**WHAT TO WORK ON:** Exact reproduction of all the data is required, with pictures excluded.

**Records from a data source:**
╔══

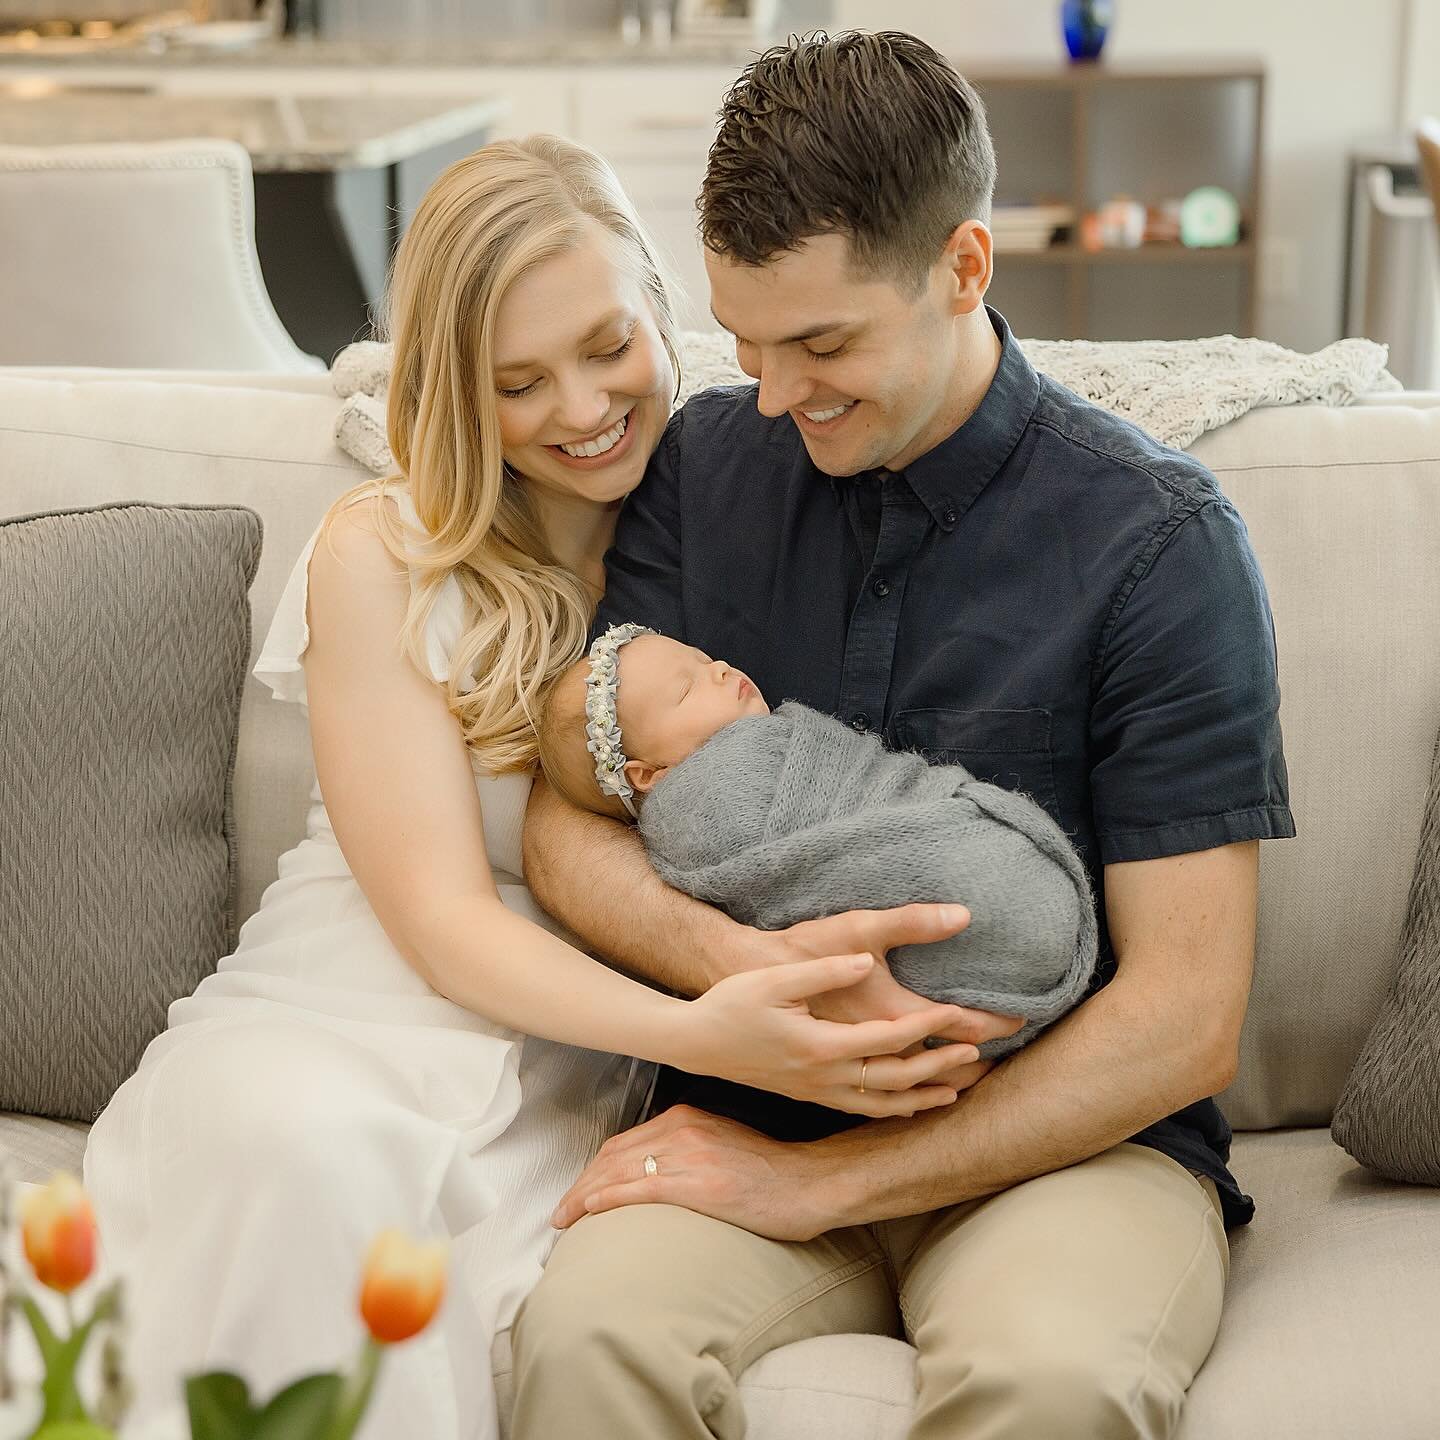 Ruth ♡

Love this sweet in-home Newborn Session! 

Our Newborn Spots are filling up into November 2024!
Send us a message to chat about getting your due date on our calendar-
https://www.husbandandwifephoto.com/newbornsessions

#kansascityphotographe

╚══

**ANSWER TO THIS TASK:**
 Ruth ♡

Love this sweet in-home Newborn Session! 

Our Newborn Spots are filling up into November 2024!
Send us a message to chat about getting your due date on our calendar-
https://www.husbandandwifephoto.com/newbornsessions

#kansascityphotographe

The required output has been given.